ENVIRONMENT PROTECTION (RIGHT TO FARM) AMENDMENT BILL

Introduction and First Reading

The Hon. R.L. BROKENSHIRE (17:47): Obtained leave and introduced a bill for an act to amend the Environment Protection Act 1993; and to make a consequential amendment to the Land and Business (Sale and Conveyancing) Act 1994. Read a first time.

Second Reading

The Hon. R.L. BROKENSHIRE (17:47): I move:

That this bill be now read a second time.

This bill is based in part on models adopted in northern America but also based on calls made by Australian farmers federations for the protection of farmers' rights to farm. Throughout the world, as we see increased urbanisation, increasingly we have farming enterprises continuing to operate at the fringes of urban sprawl or otherwise close to where people have moved for a farm change, sea change or green change.

I declare my personal interest here as a farmer. My family are farmers but I speak for constituents generally in agriculture. The frustration of farmers not only here but the world over is that they are then the victims of noise complaints, air pollution complaints or other nuisance complaints when all they are doing is continuing their usual farming activities in the same place where they have carried on farming for generations.

Family First considered the legislative models from northern America and those proposed by farming federations here in Australia, and we believe we have captured the two least controversial and important elements of those. First, it will be a defence to an EPA complaint if a farmer is conducting a protected farming activity—namely, a practice condoned by a code of practice or by generally accepted standards and practices in the farming industry. The obligation will be on the EPA, not the farmer, to establish that defence.

Secondly, persons who buy land in farming areas will be notified when buying land in the area that there are farming enterprises operating in the area. This will serve as notice to purchasers to prevent nuisance complaints in the future should they decide they are unhappy with the noise, sight or smell of farming machinery rolling past their home. When I was the member for Mawson, I put on notice the Adelaide Mushroom Farm at Woodcroft which had been there for a long time and was ultimately a headache to both governments—this one and the last one—until it was finally moved. But the question is: why should it have been moved if there were proper buffers and notification to purchasers of subdivisions around the farm?
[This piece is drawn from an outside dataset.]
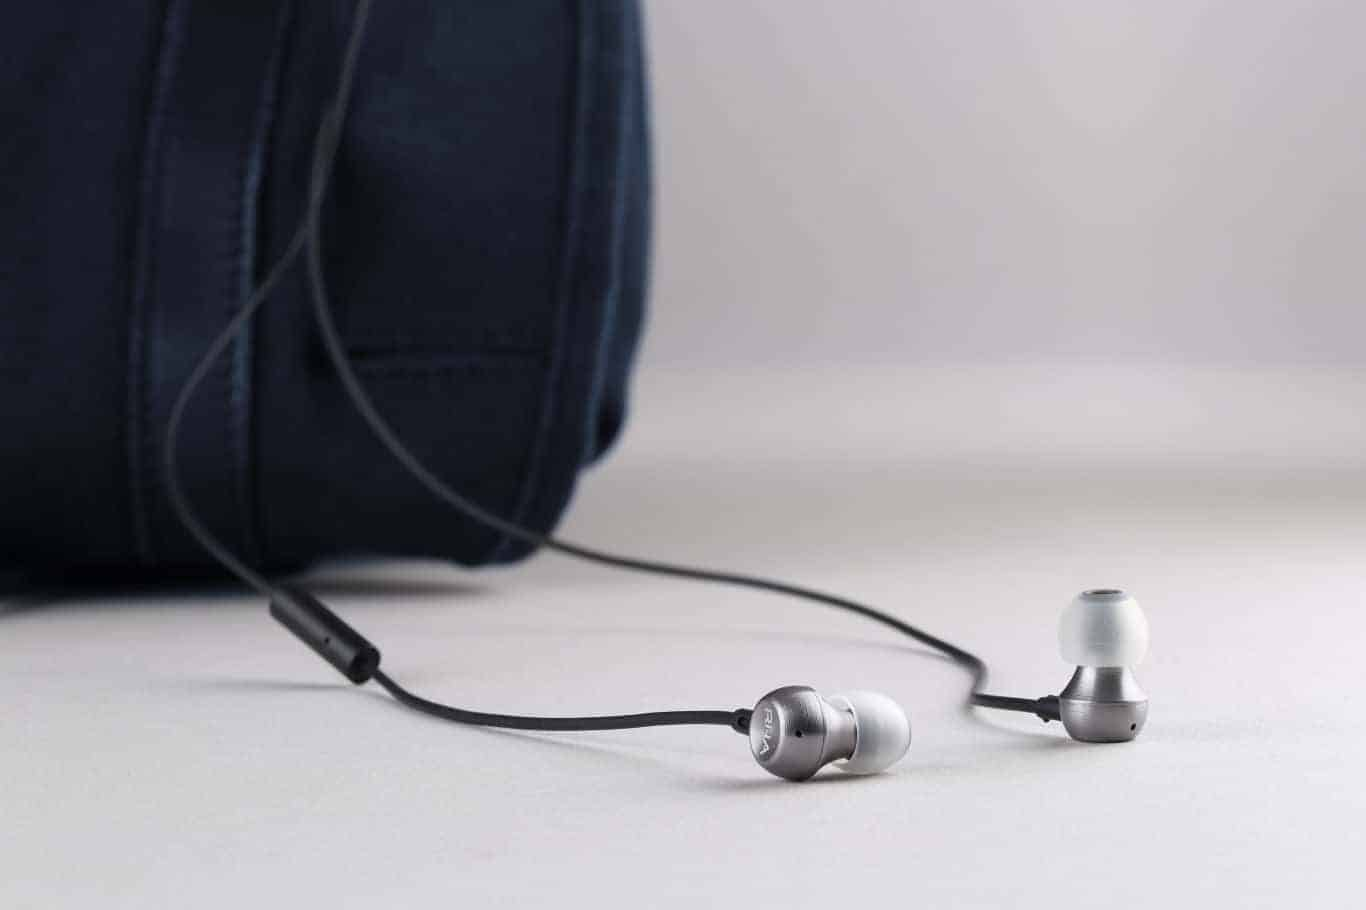 RHA MA390 Headphones 1

I believe this bill is about valuing our primary producers, providing them with certainty in difficult economic times and providing natural justice to those who by and large have farmed in their area for generations and are given trouble by new residents who want the rural lifestyle but not the primary production activity. Those people seem to misunderstand that you cannot have one and not the other. You cannot go into the country and live on a nice hobby farm and not have farmers farming around you. Farmers, at times, have to work 24 hours a day, seven days a week.

I look forward to our country members of parliament, the South Australian Farmers Federation and those who are sympathetic to family farming supporting this bill as a timely encouragement to farmers of the value of their activity in the South Australian economy. I commend the bill for the right to farm to the council.

Debate adjourned on motion of Hon. J.M. Gazzola.